* _Data block_:
────────────────────────────────────────

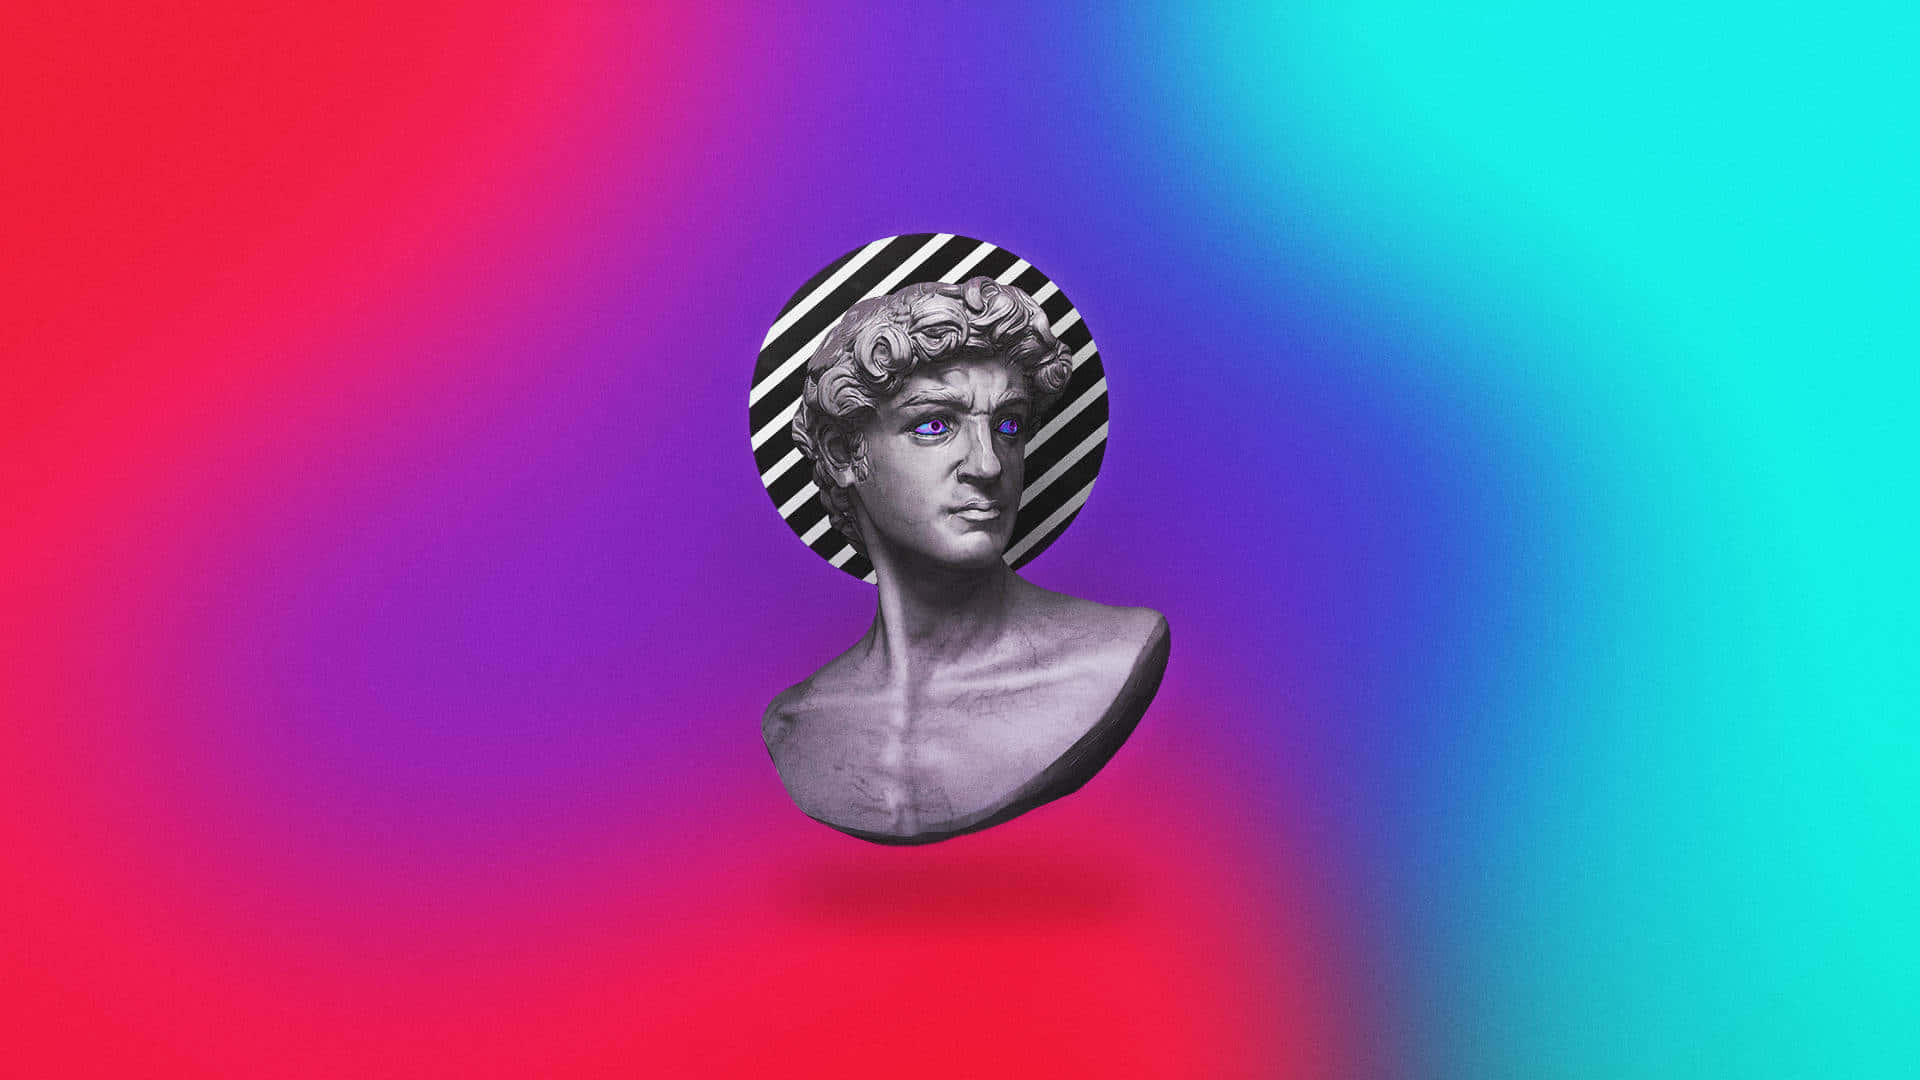 A Bust Of A Man With A Colorful Background Wallpaper
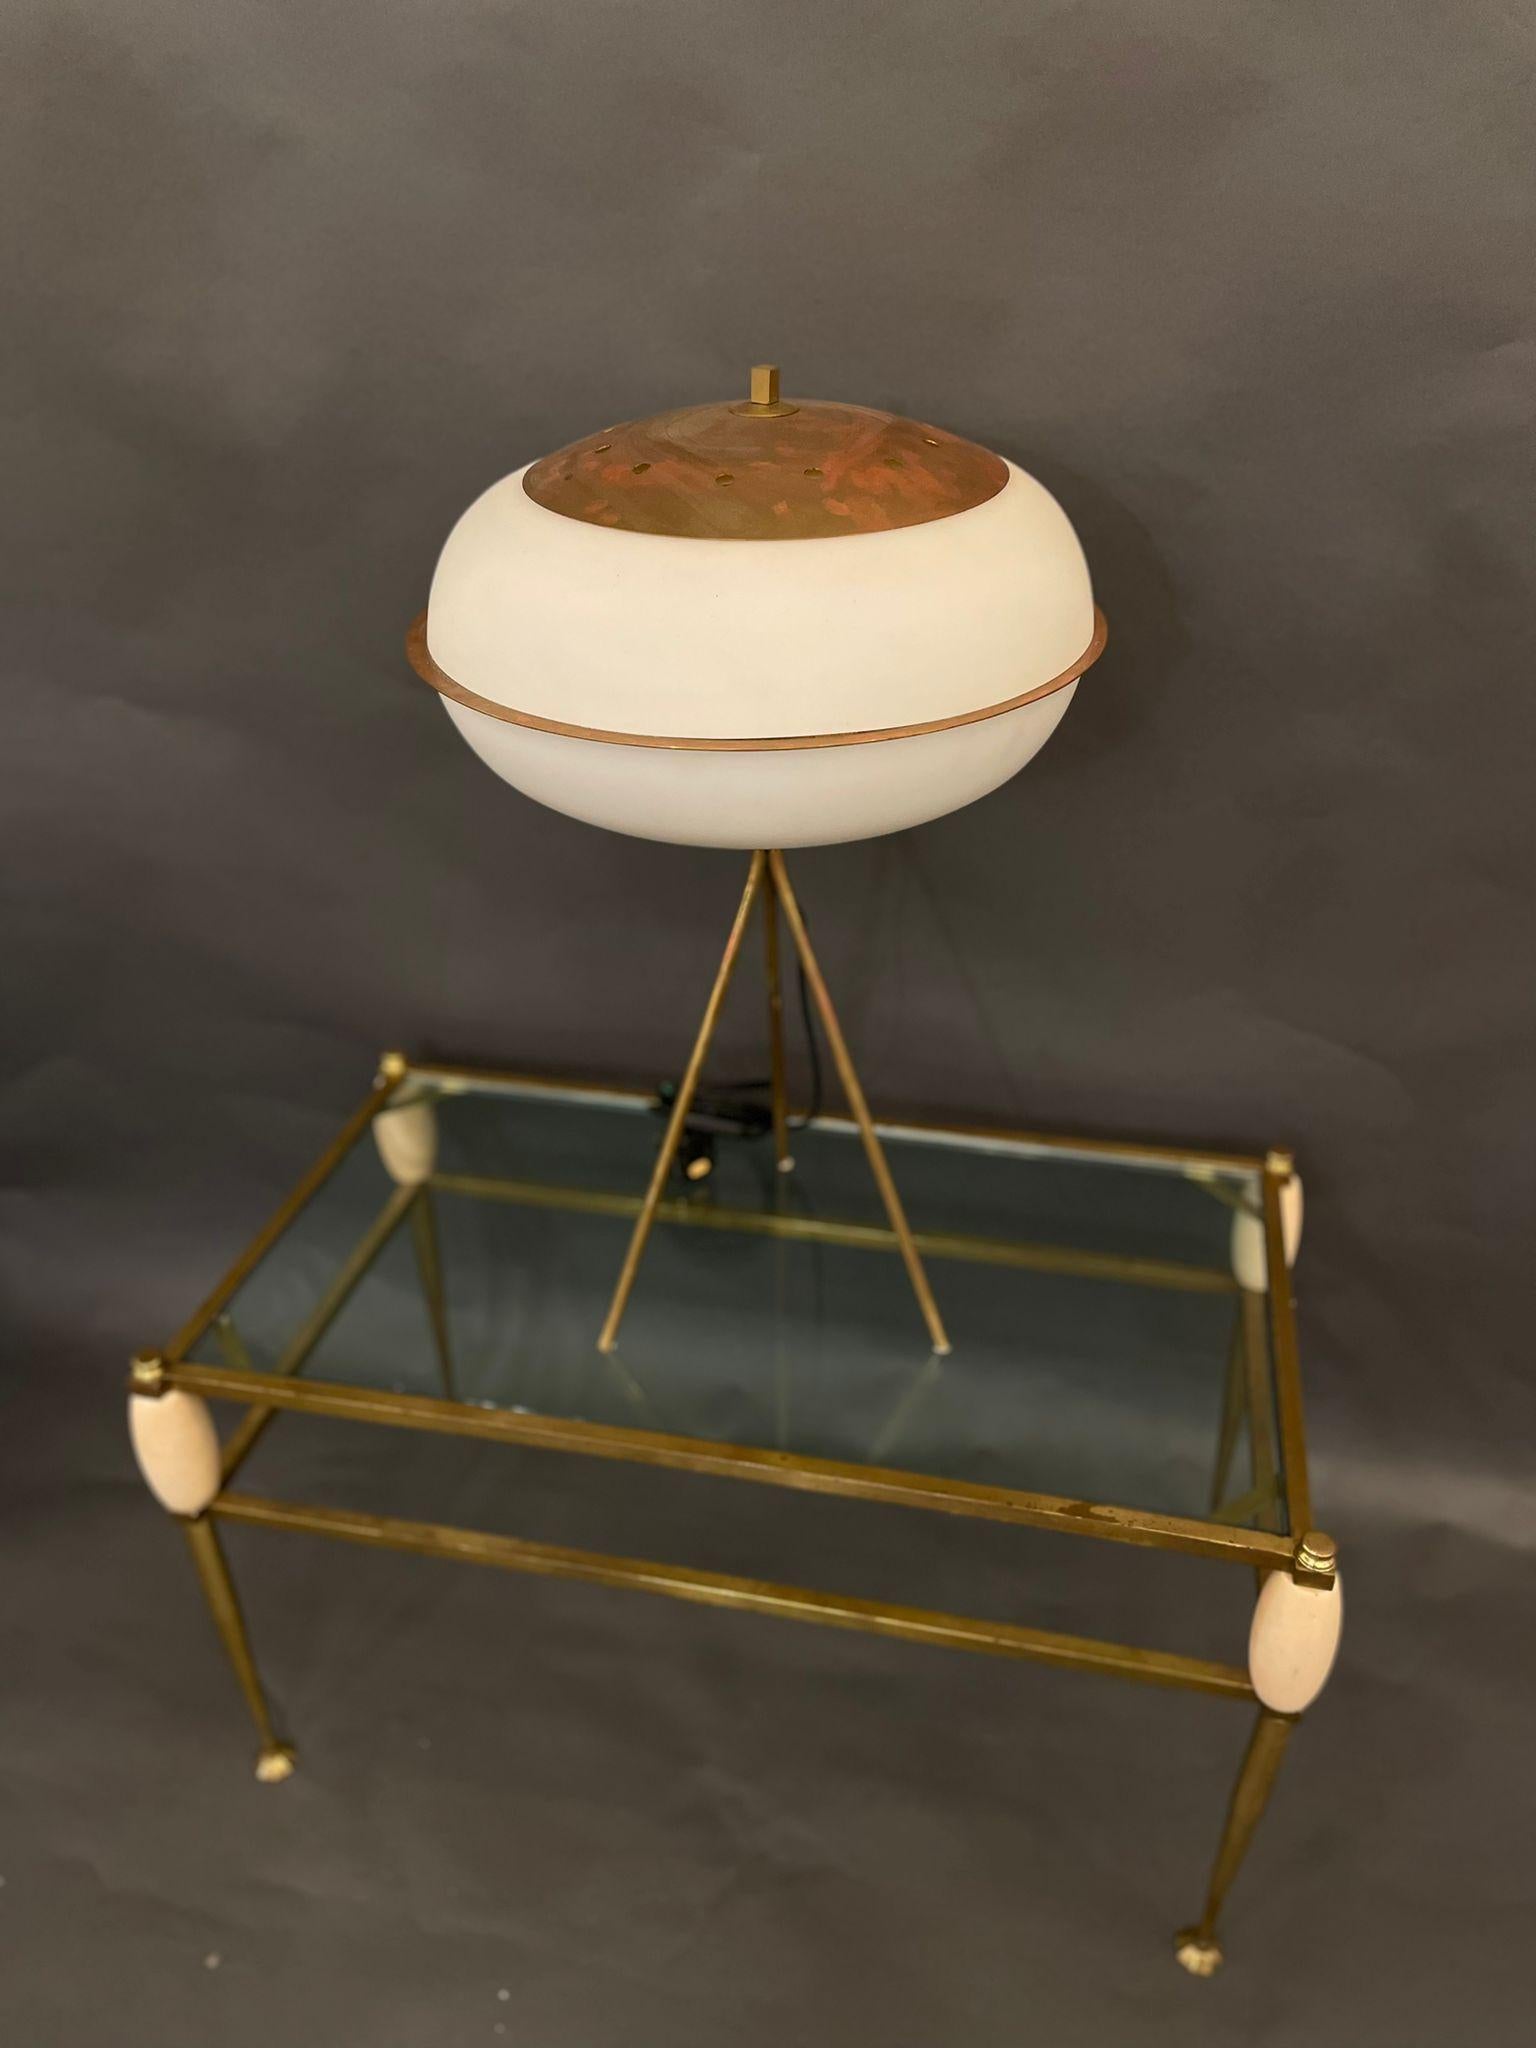 A modernist Italian Table lamp with white frosted shade and brass legs, circa 1970s.
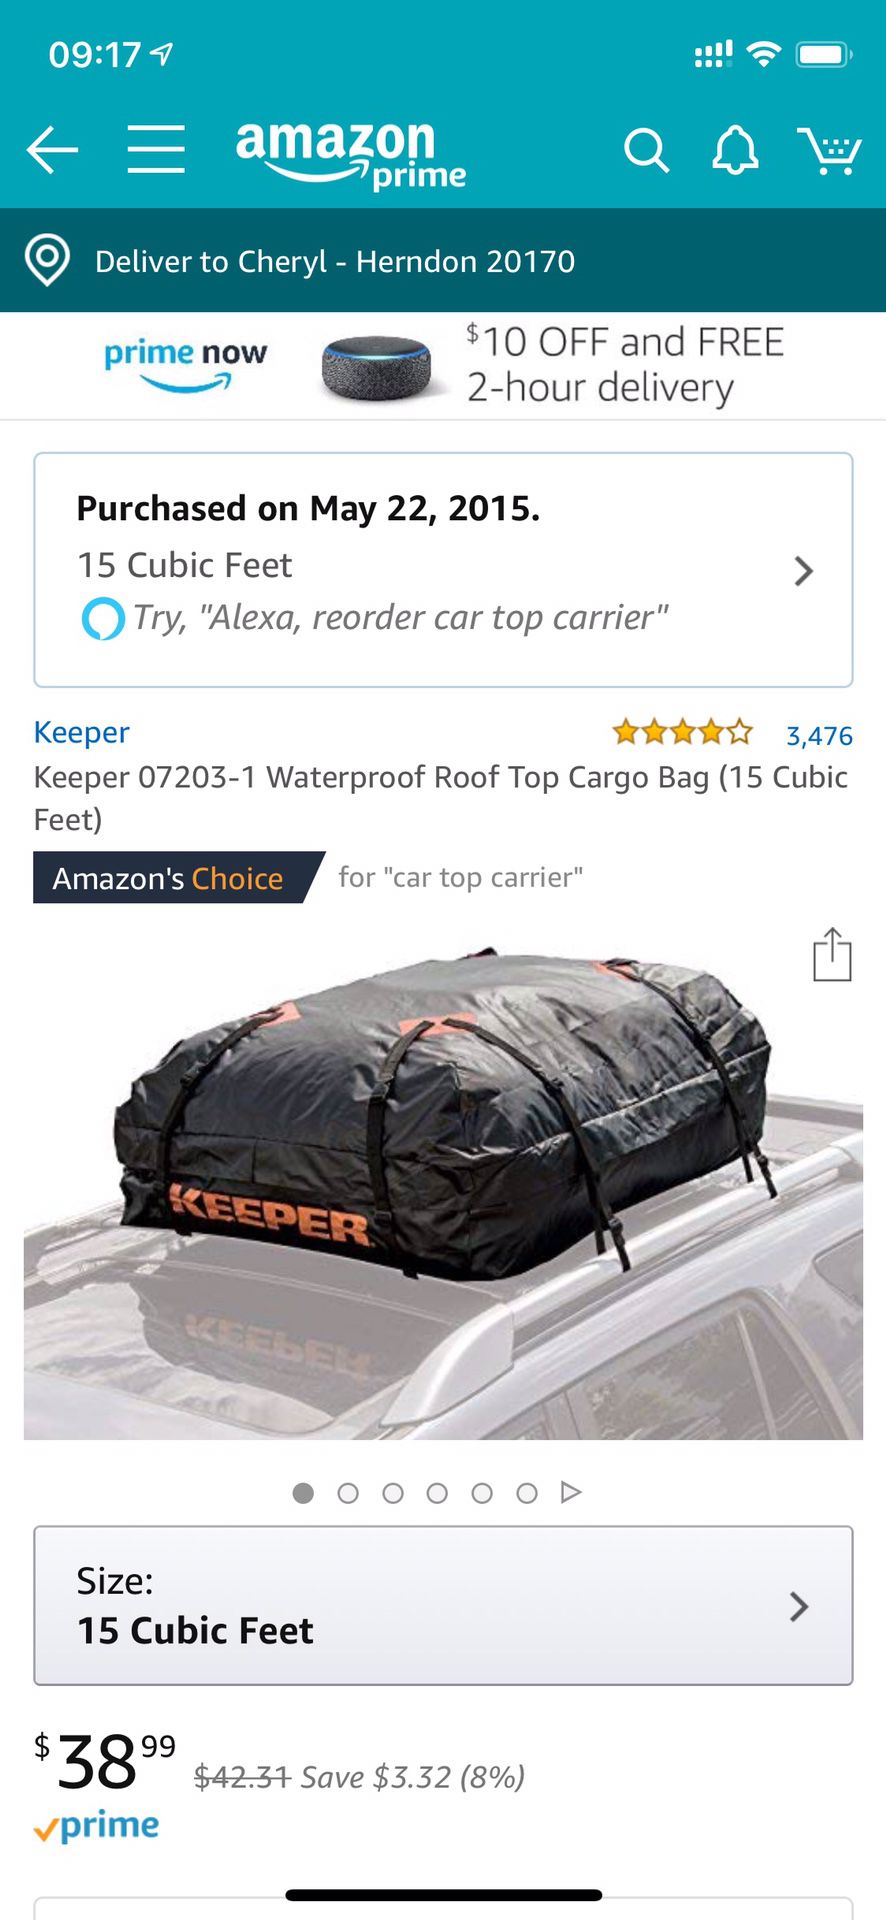 Waterproof roof top cargo bag (15 cubit feet) only used 1 time. $25

────────────────────────────────────────

* _Exercise requirements_:
Give the material again exactly as it is, but keep the pictures out.

* _Result of the task_:
 A Bust Of A Man With A Colorful Background Wallpaper
 A modernist Italian Table lamp with white frosted shade and brass legs, circa 1970s.
 Waterproof roof top cargo bag (15 cubit feet) only used 1 time. $25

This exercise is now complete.